La actriz de teatro, cine y televisión, Amparo Baró San Martín ha fallecido este jueves a los 77 años en el hospital de Puerta de Hierro de Madrid a causa de un cáncer.

Nacida el 21 de septiembre de 1937,  pasó su infancia en Barcelona. Pronto descubrió su vocación al ingresar en el Teatro Español Universitario.

La oportunidad de su vida le llegó en 1957, de manos de Adolfo Marsillach para sustituir a Amparo Soler Leal, en Las preciosas ridículas, de Molière. En 1965 formó su propia compañía con compañeros como Luis Prendes, Elvira Quintanilla y Manuel Galiana. Entre las obras que llevaron a escena destacaron Los buenos días perdidosAntígona. En 1967, se disolvió la compañía por falta de fondos. Realizó grandes interpretaciones teatrales, como en La casa de las muñecas, de Ibsen, calificada por los críticos como la mejor interpretación de su carrera.

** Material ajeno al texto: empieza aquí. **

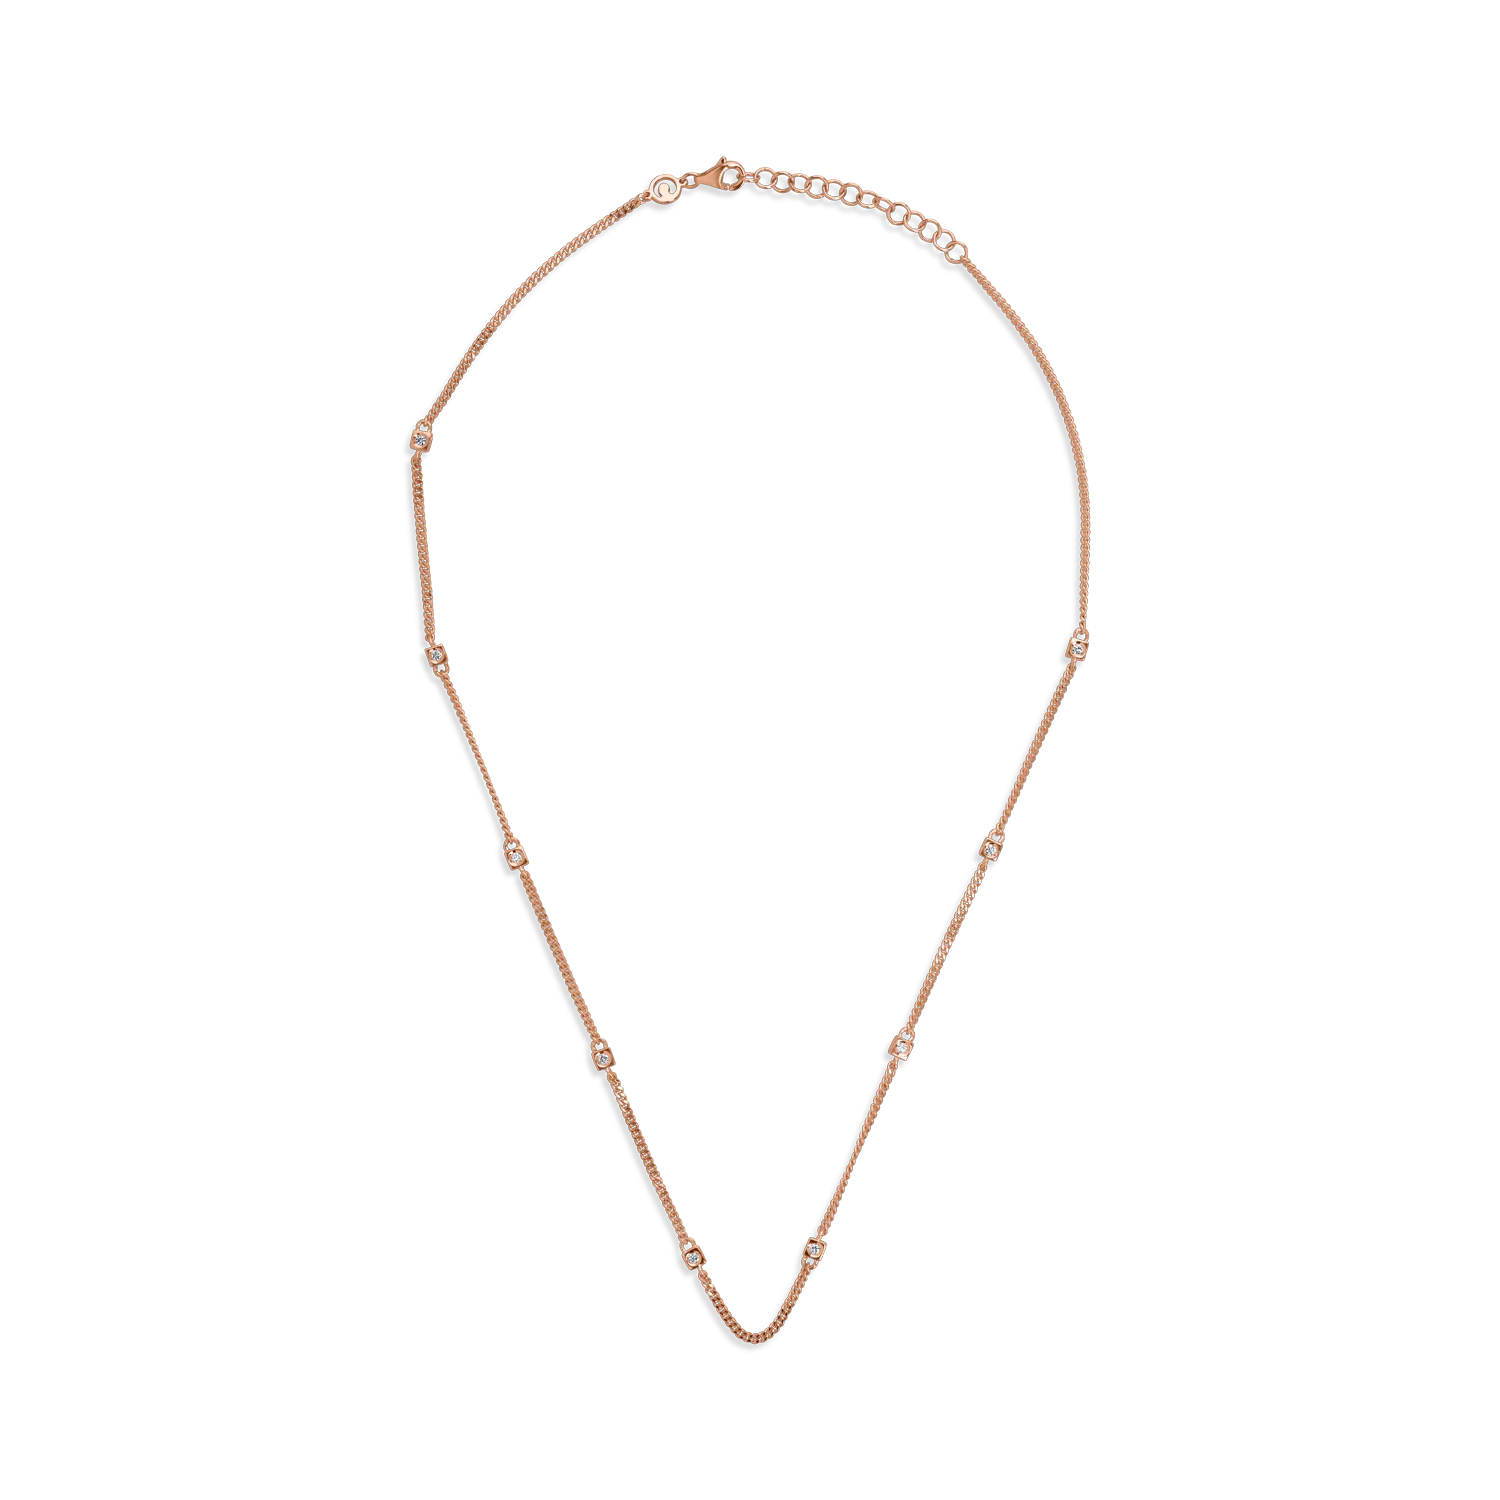 Rose gold chain with 0.6ct diamonds

A través de la televisión llegó a ‘Estudio 1’, aquellas legendarias producciones teatrales que hacía Televisión Española.

Jaime de Armiñán fue el otro impulsor de su carrera, el hombre que la convirtió en una cara popular en la televisión de los dos canales. Trabajo en películas como ‘El bosque animado’ o ‘Las cosas del querer’. Y entonces llegó ‘Siete vidas’, con el papel de Sole, progre, deslenguada, que con su socarrón sentido del humor se hizo tan simpática de todos los televidentes.

Baró, que llevaba 11 años lejos de los escenarios (desde el éxito de ‘Siete vidas’), se midió con Irene Escolar y Carmen Machi a las órdenes de Gerardo Vera. El resultado fue mucho mejor que sobresaliente.

Baró tenía previsto reencontrarse con Carmen Machi (que también relanzó su carrera enn ‘Siete vidas’) en una nueva película. Se iba a llamar ‘La puerta abierta’.